Wednesday, July 30, 2014

Recommended!: Blood & Black Lace (1963)

We're pleased to see the online horror community taking note that July 31st is the centenary of Mario Bava. The name is revered by many horror fans; indeed some consider him a kind of highfather for contemporary horror as we know it. Bava began working in the film industry as a cinematographer, and as director of a number of low-budget genre films he brought an uncanny visual sense, coupled with an acute grasp of atmosphere. Though the stories of his movies are wildly uneven, even the worst of them holds attention through Bava's captivating style.

Our favorite Bava movie is usually the last one we saw, so we're going to take the occasion of his centenary to gush a bit about Blood & Black Lace. The opening credits let you know exactly what you're in for:

Blood & Black Lace is the best of all worlds, setting a whodunnit style murder mystery inside a fashion house, with a faceless assassin stalking his/her prey across some of the more stylish settings ever seen in horror, and fueled by an intense and lusty score by Carlo Rustichelli. It's a shame, but somewhat understandable, that the movie was so wildly lambasted and misunderstood by critics of its day. It took us a while to catch up to Bava, but now the mastery of his images, and his knack for delivering suspense, are indisputable. Video Watchdog's Tim Lucas (who wrote a most impressive tome on Bava) posted the clip below, saying that he'd "never seen a better, more effective horror scene than this."

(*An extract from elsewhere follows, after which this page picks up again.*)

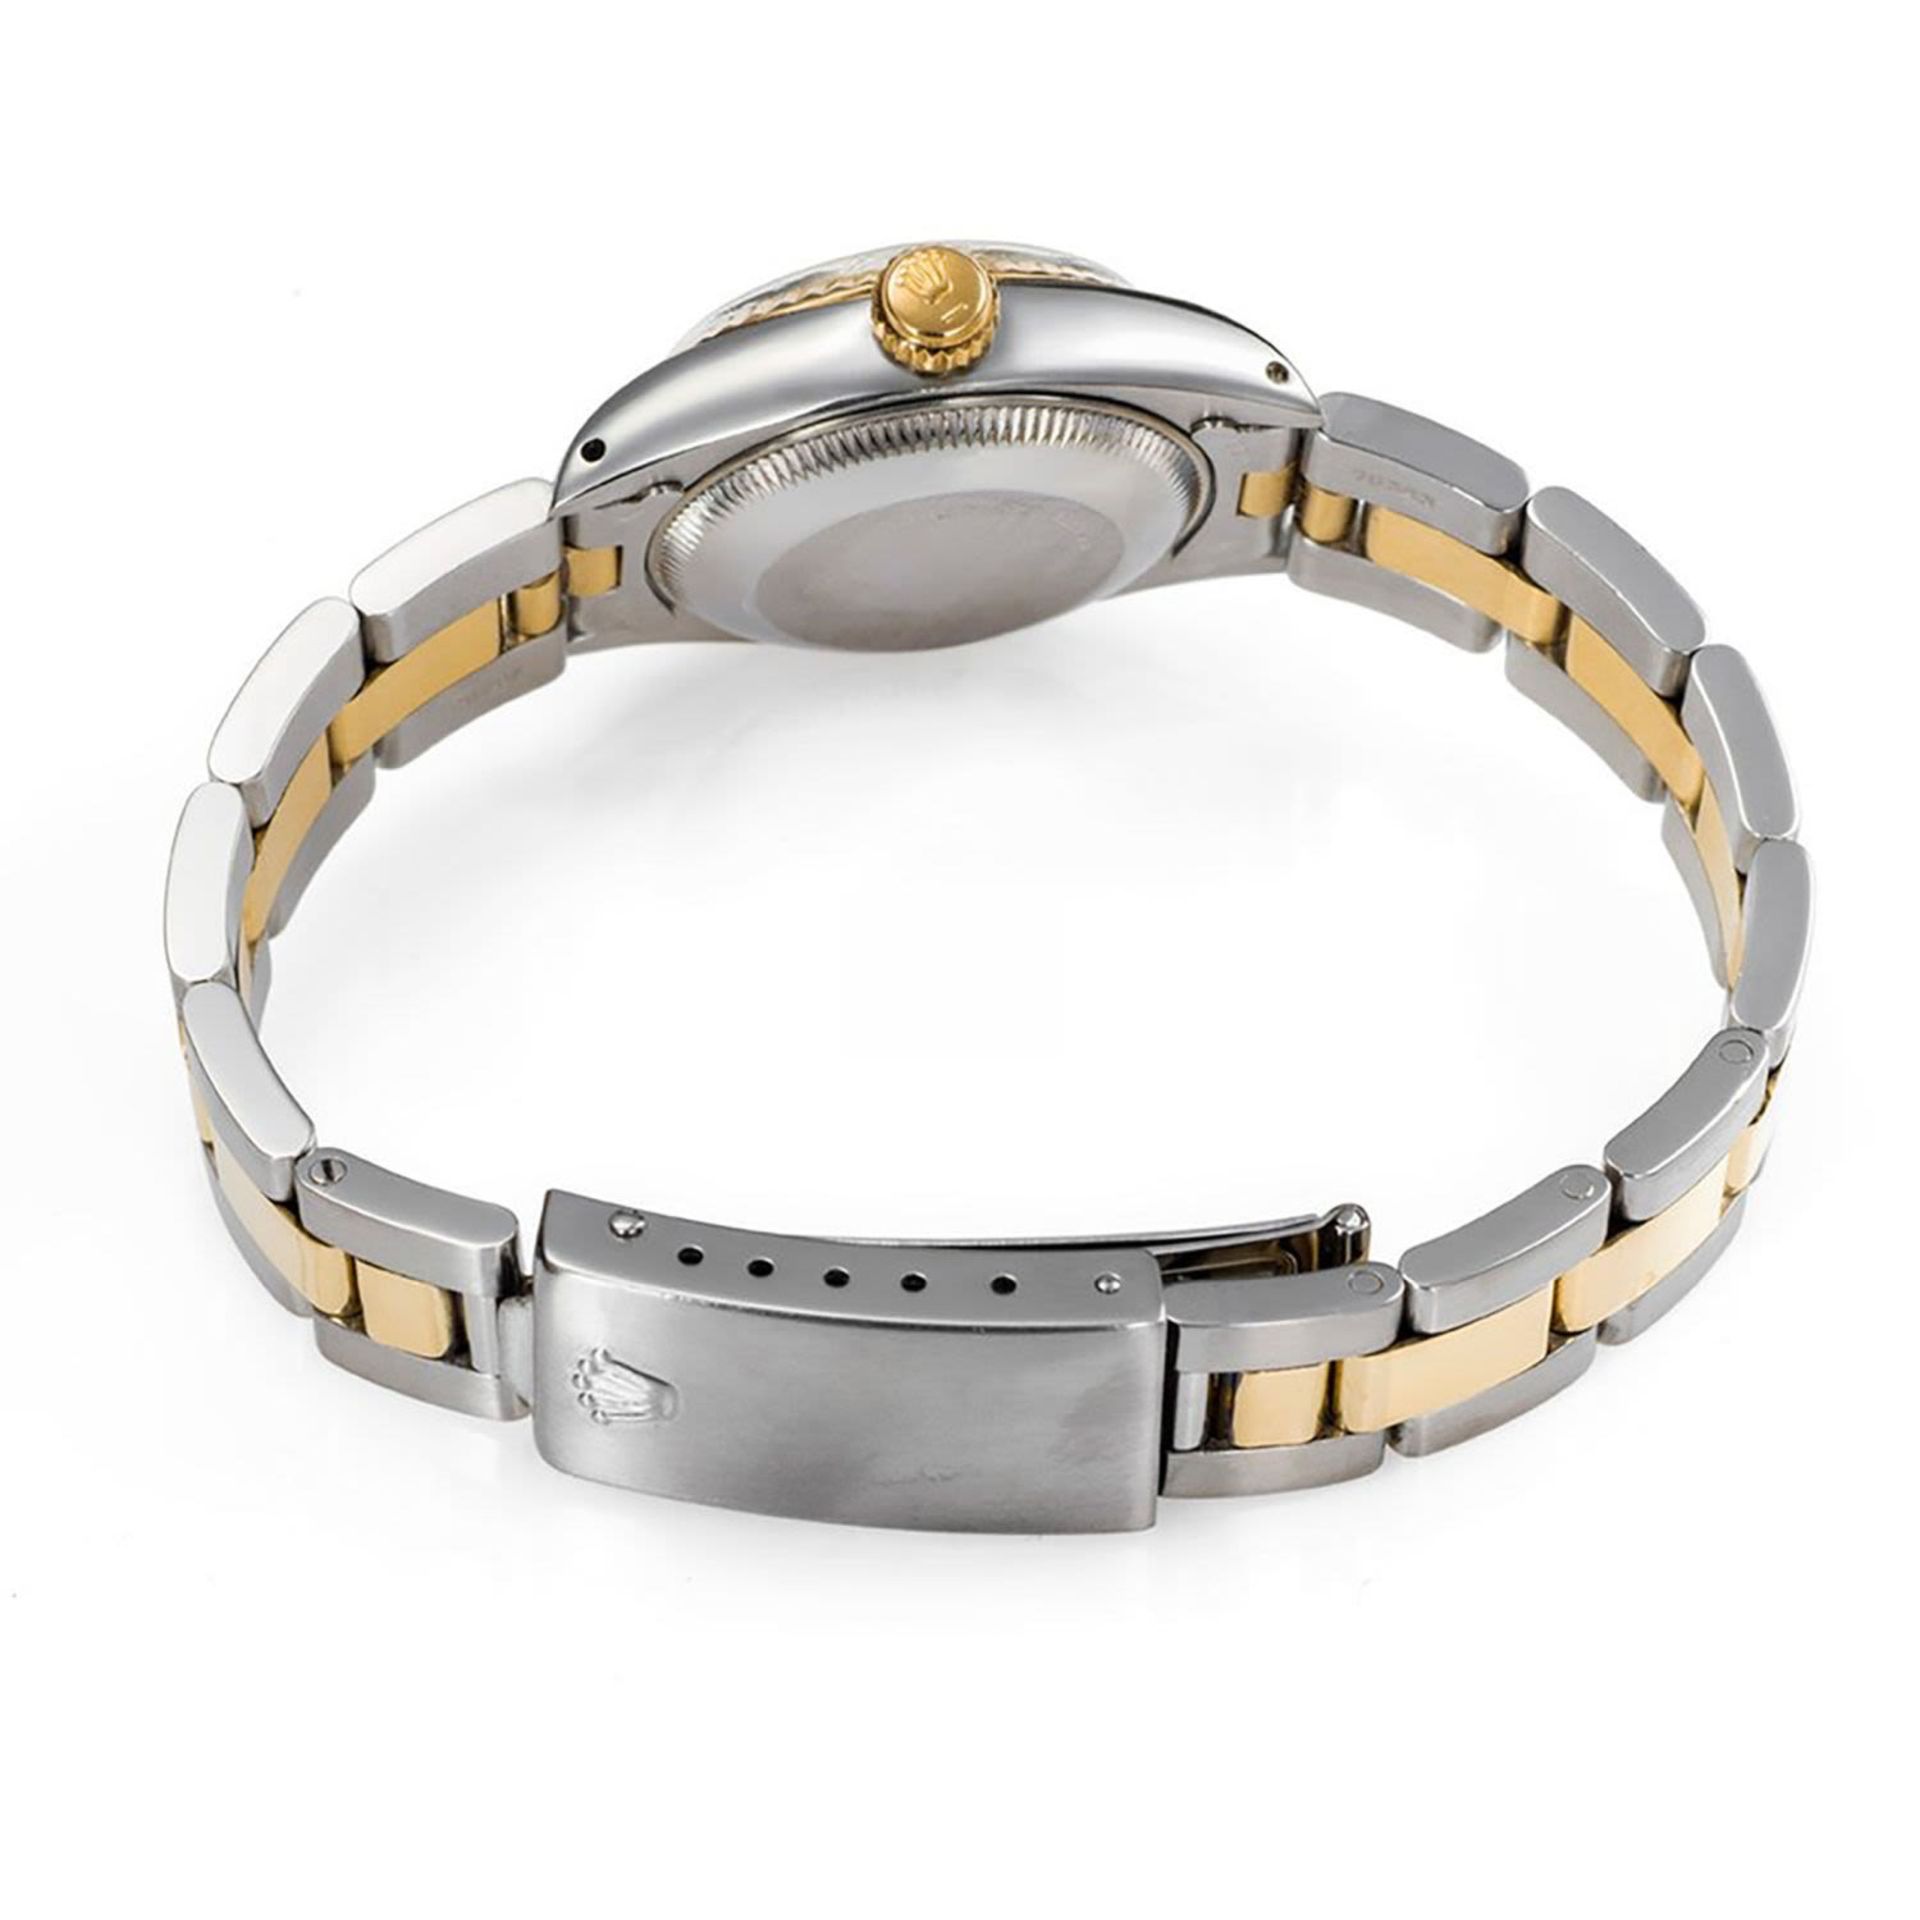 Rolex Lady Datejust wristwatch, in gold and steel, year 1981 - Bild 3 aus 5

Bava's Twitch of the Death Nerve (aka Bay of Blood) is widely regarded as having provided the template for the contemporary slasher movie; indeed, Friday the 13th part 2 lifted two of its gruesome murders practically shot-for-shot. But I often wonder what that subgenre of horror would have looked like, and where it could have gone, had it latched onto the more overtly stylish and colorful example of this movie.

It appears that Blood & Black Lace is only available online at Fandor, but anything in Bava's filmography is at least worth a look. (ENVIOUS! of Washington, DC area moviegoers who get to see a bunch of his movies on film at the American Film Institute Silver Theatre this summer.) Bava fans won't need the excuse of his centenary to dive back in, but if you've never seen a Bava movie it's the perfect time. Dive in! We're waiting for you.

Monday, July 28, 2014

CAPSULE!: The Purge: Anarchy

James DeMonaco's THE PURGE had an intriguing premise: in a near future, weirdly neocon utopian America, citizens are allowed to go on a twelve-hour, consequence-free crime spree at a predetermined time of the year. But many found this juicy premise undermined by a certain lack of real ideas on screen, with a low budget limiting the movie to the story of a single home under siege. The premise's built-in social commentary was set aside, many felt, to craft yet another home invasion horror-thriller.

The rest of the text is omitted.